Calling in the pros
When the fever is running high, but the hands and feet are icy cold, you know what the doc is going to say. And, sure enough, he cocked an eyebrow at me and said, “You know what we’re going to do, right?”
Unfortunately, it wasn’t as easy as all that. While the idea was to toss the dotter into the hospital right then and there, there was no room at the inn. This is THE season. The “sick waiting room” at the doc’s office was filled with listless children coughing their heads off, and so, too, was the pediatric ward; the doc tried wangling, he offered to release one or two of his kids who were doing better (but there was this horde of pediatricians waiting to swoop down on any empty beds), he tried negotiating with the Emergency Department to have her stashed in their “observation room” while we waited for an open bed, but…Alas, the ER has A Procedure. The Procedure requires that you check in, go through the normal ER routine, and wait there for a bed.

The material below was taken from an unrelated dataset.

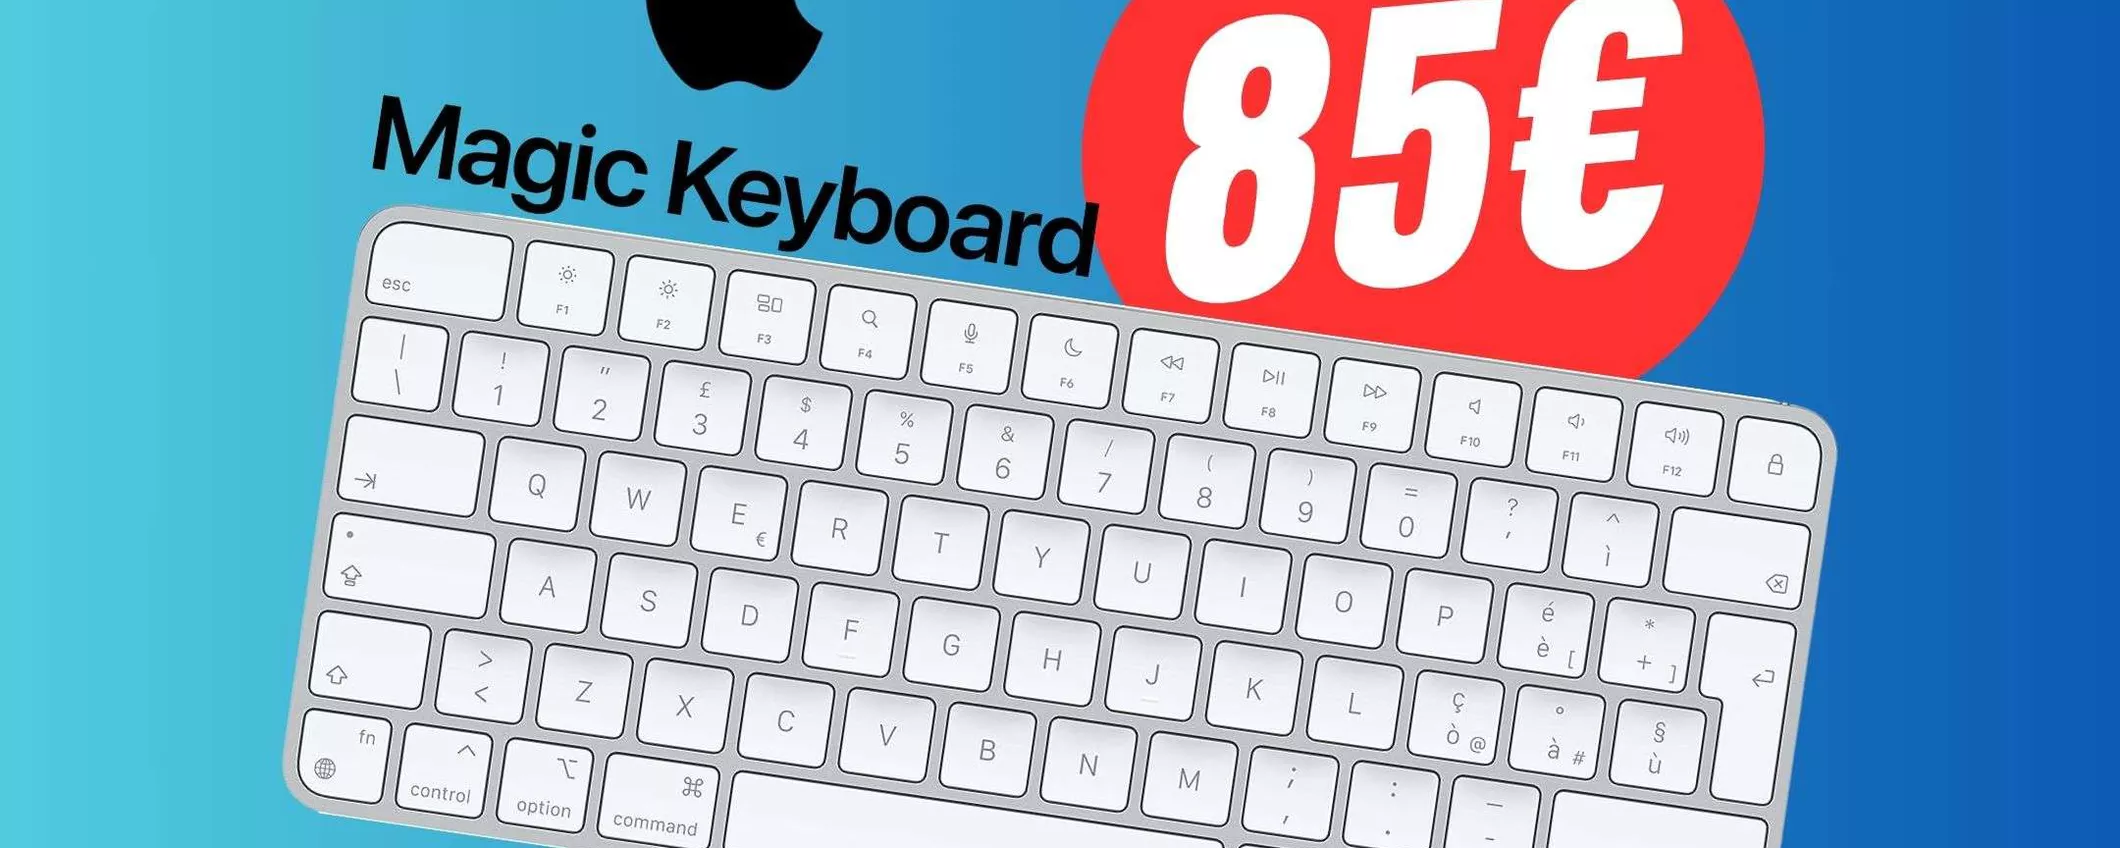 Apple Magic Keyboard a un PREZZO FOLLE grazie a questo Sconto!

We got into the ER at 11 in the morning. At 8:15 p.m., we were moved into a room in the pediatric unit. In the meantime, the dotter was hooked up to everything in sight, given antibiotics via IV, fluids via IV, oxygen via the tubes, and by the time we were moved into the bed, she was doing pretty good. She will probably be sprung this evening.
Calling in the pros makes a weary mom feel oh-so-much better. Fifty kazillion nurses and respiratory techs asking the dotter to lean forward so they could listen to her lungs and take her temp and feed her (yet more) antibiotics, while mom and dad just slumped in the chairs and let them Do Their Thing. It’s very reassuring to have professionals.
Let me sing the praises of the modern health care industry: they know their stuff. They’ve got it down to a routine (and have been practicing that routine like crazy lately–like I said, the whole ped ward is filled with kids in similar circumstances).
More praises: I heart ibuprofen. I think acetominophin is okay, but I heart ibuprofen with a passion. While all this was going on, I kept thinking of what this whole scene would be like a hundred years ago, without the fever meds, and didn’t like that thought. Imagine having to constantly bathe the child in tepid water, and cope with cool washcloths on the skin of a child who shrieks (shreiks?) at your touch!
The whole high-fever-plus-icy-hands-and-feet gave me the willies, and having the dotter with glazed eyes and languid, limp body was heartbreaking. Normally, she’s so vivid and vivacious that having her so listless and miserable was a startling contrast.
But, she’s on the mend, very much so. Yay! OmegaDad is at the hospital with her, and I’m getting a break. Time to go check my blogroll and the news and weather–see what’s going on in the Wide World. Thanks again for all the pats on the head, reassurances, and good thoughts!